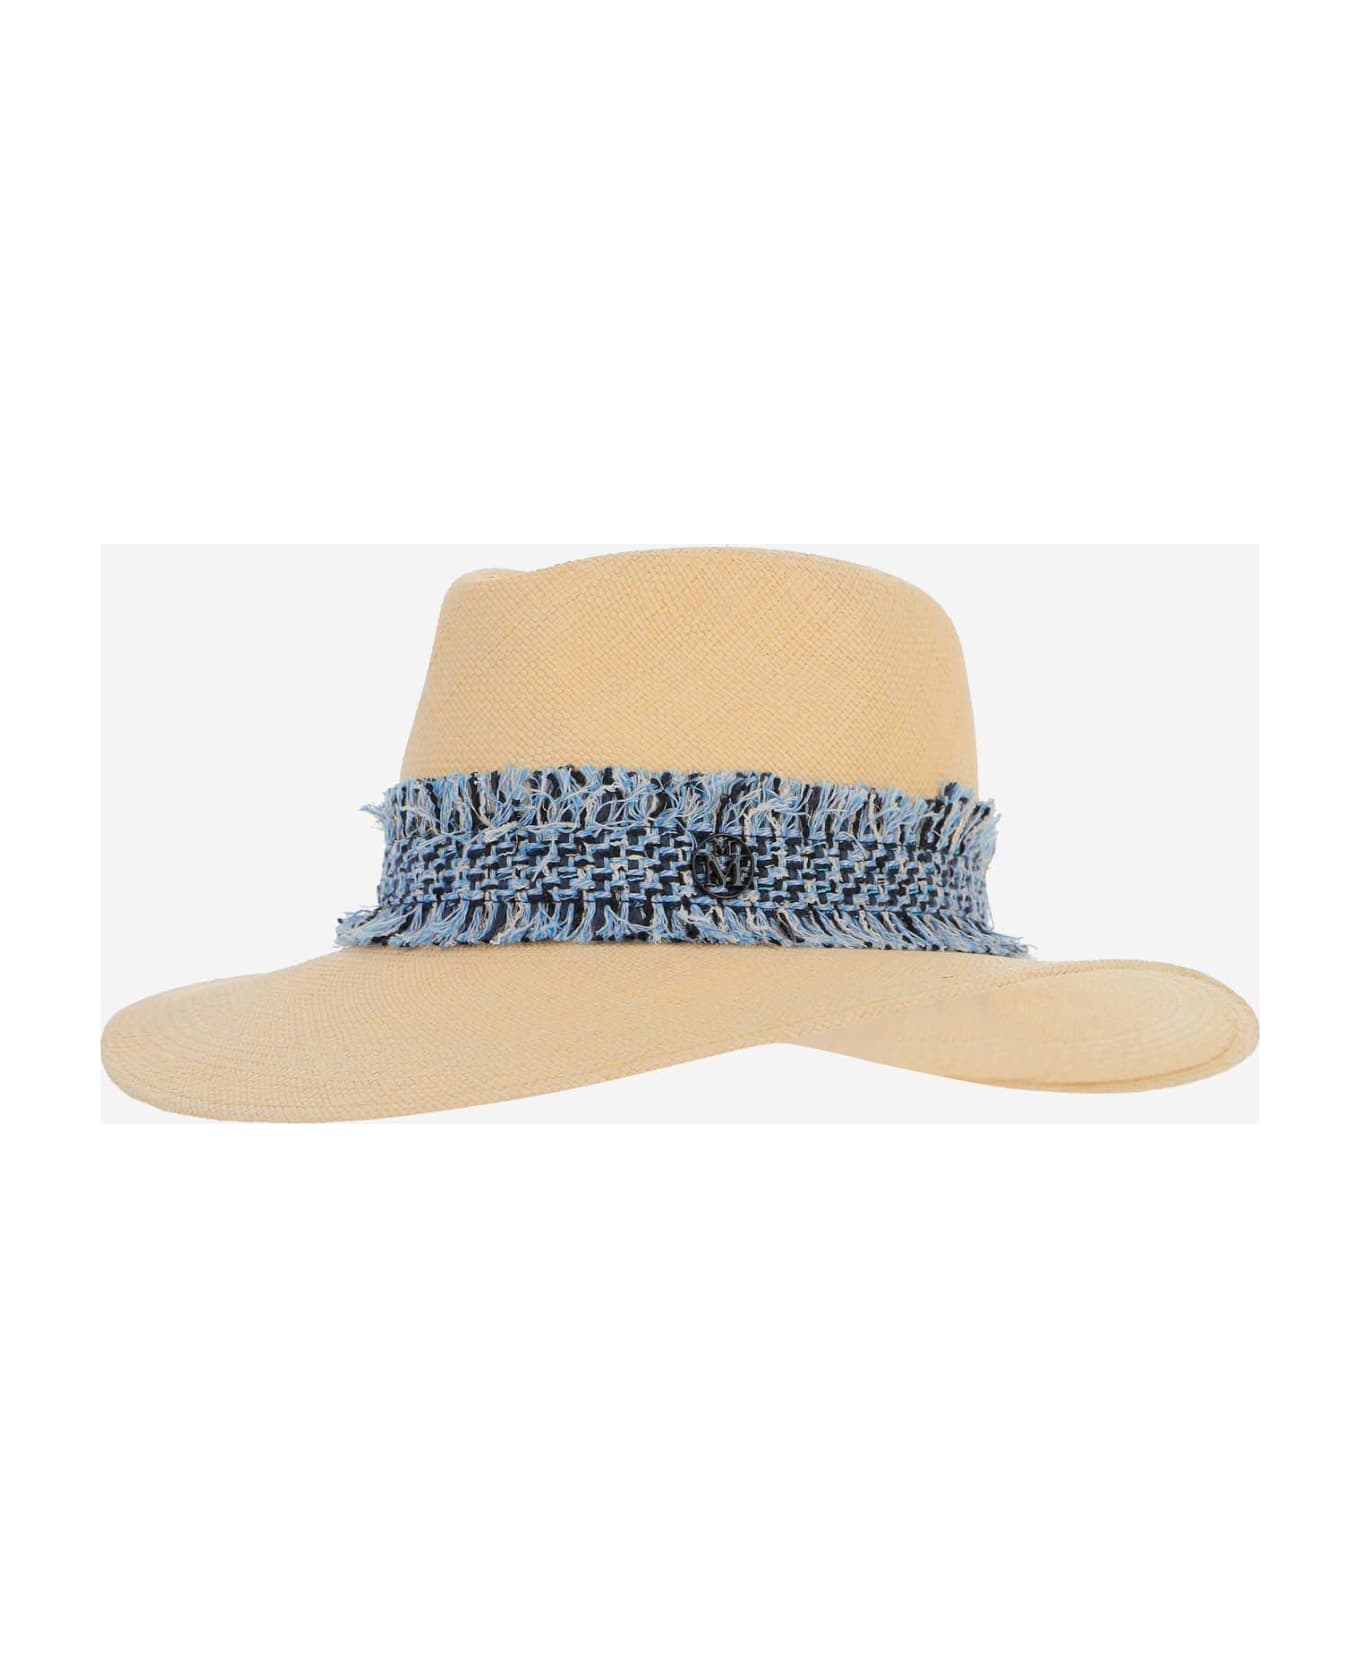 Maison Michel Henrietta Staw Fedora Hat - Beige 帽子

==

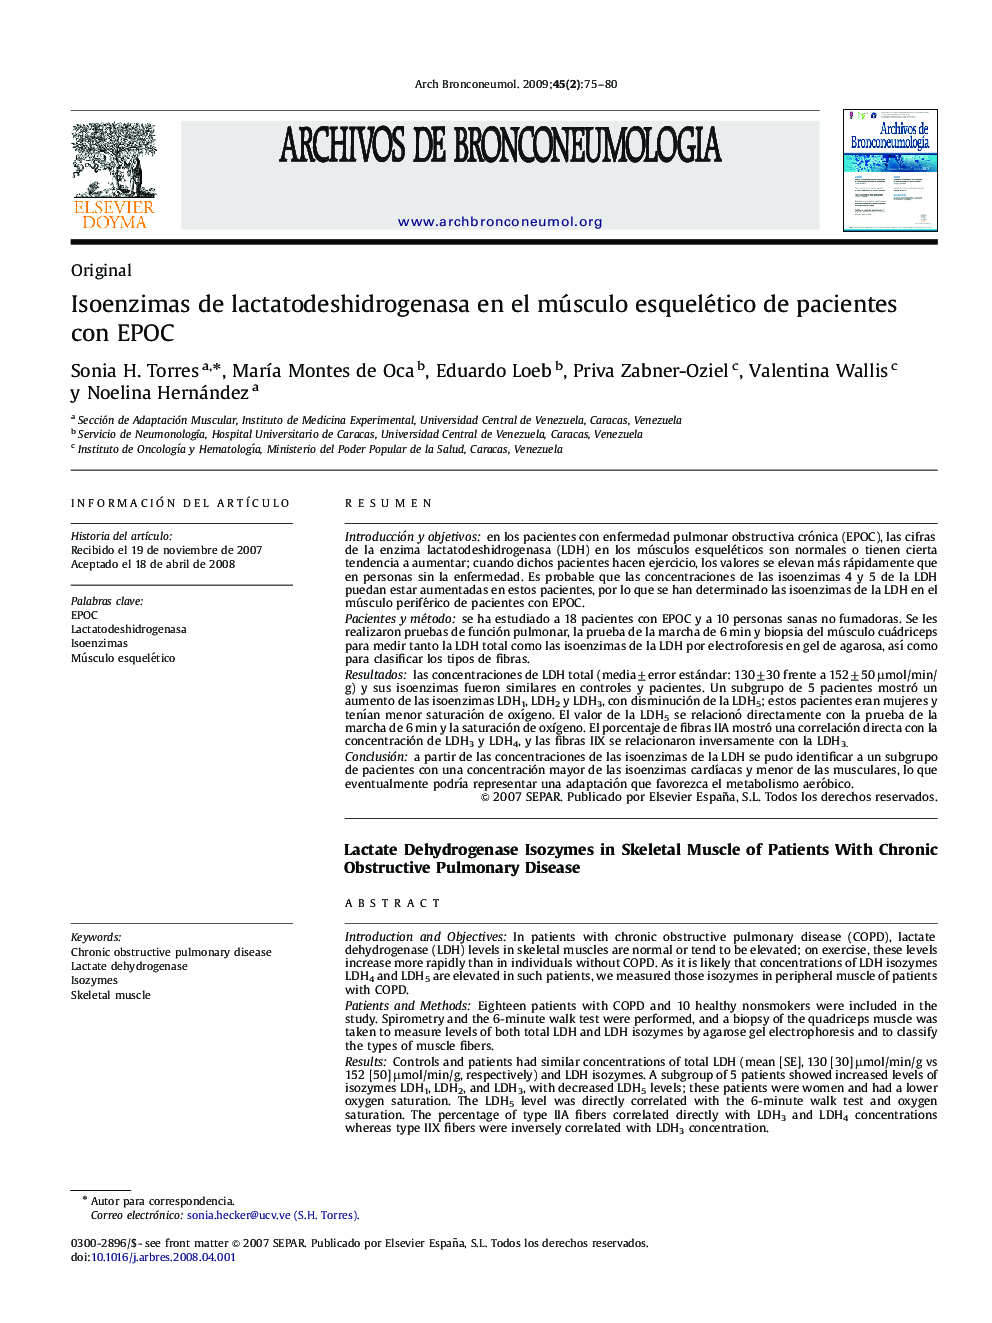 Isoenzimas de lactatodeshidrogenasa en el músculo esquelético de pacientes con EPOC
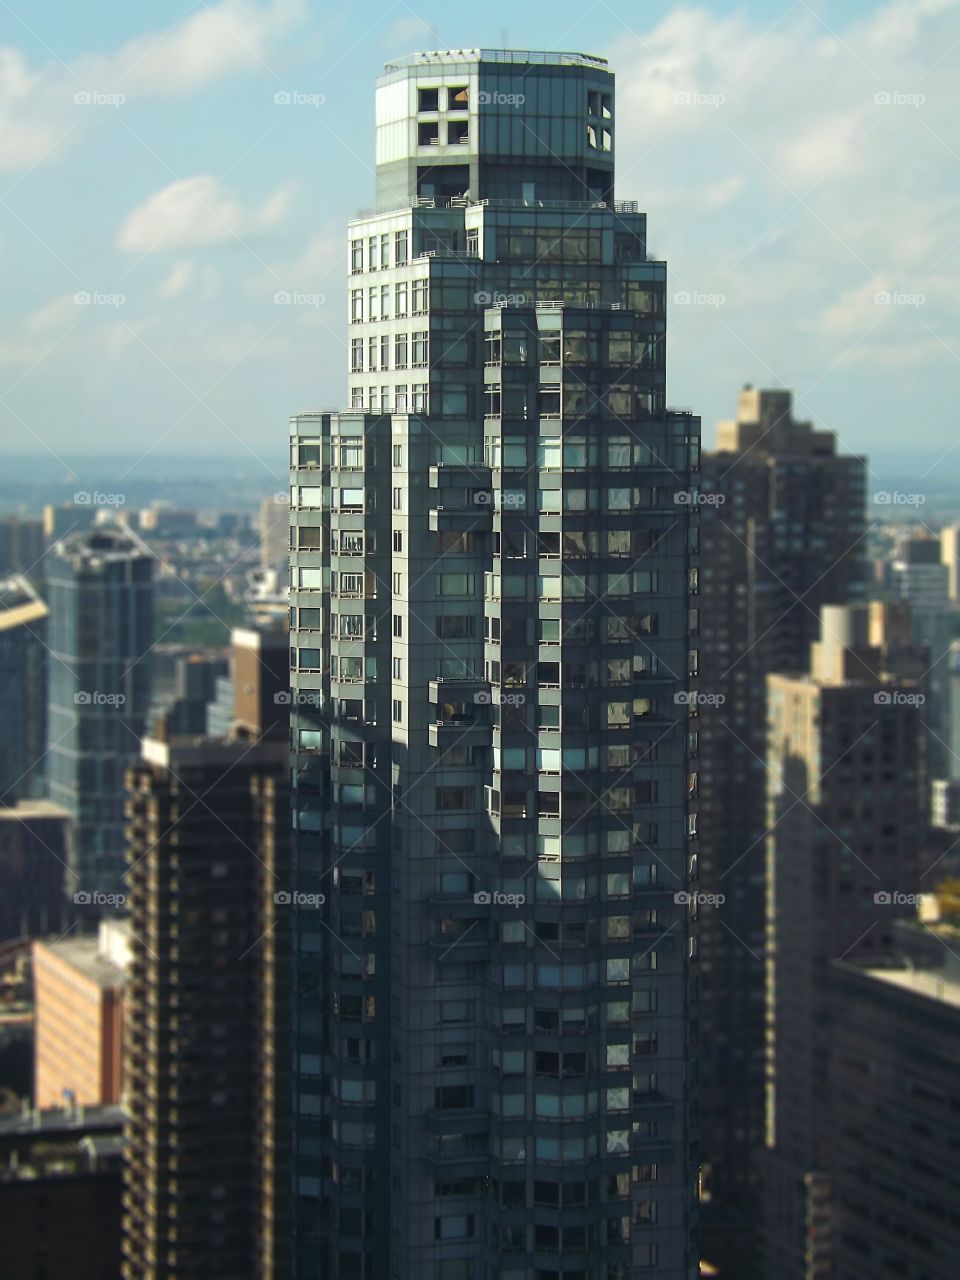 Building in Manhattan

--

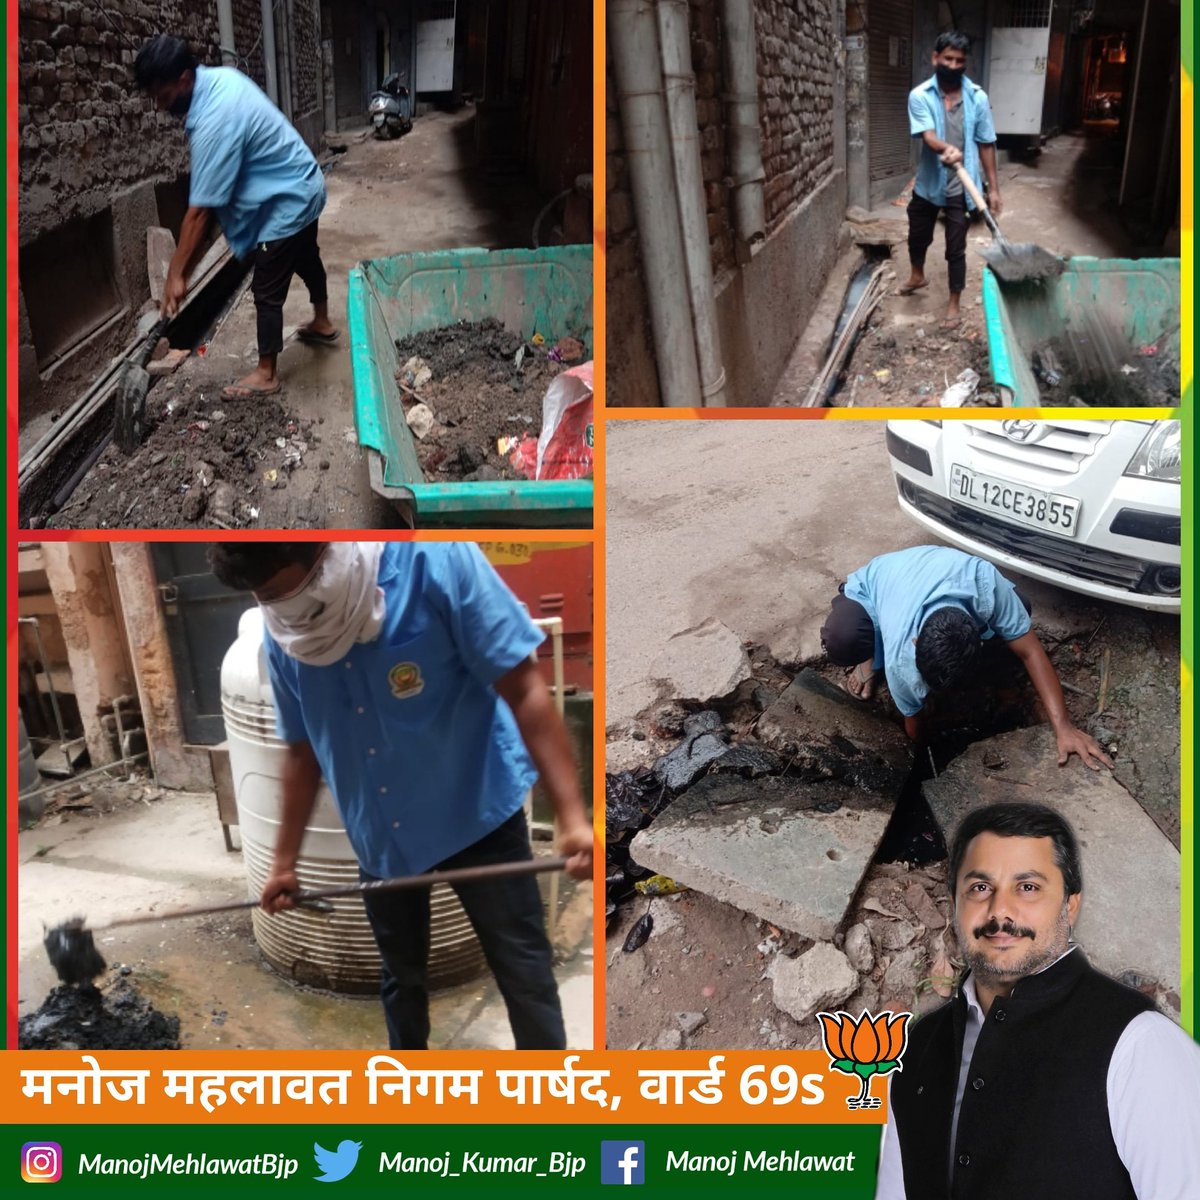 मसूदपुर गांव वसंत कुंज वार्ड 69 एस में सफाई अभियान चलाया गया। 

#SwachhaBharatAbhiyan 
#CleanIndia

**Problem statement**
Would you please reproduce the entries above, starting at the line with "Isoenzimas de lactatodeshidrogenasa" and stopping after the line with "Building in Manhattan"? Omit any pictures.

**Task result**
 Isoenzimas de lactatodeshidrogenasa en el músculo esquelético de pacientes con EPOC
 Building in Manhattan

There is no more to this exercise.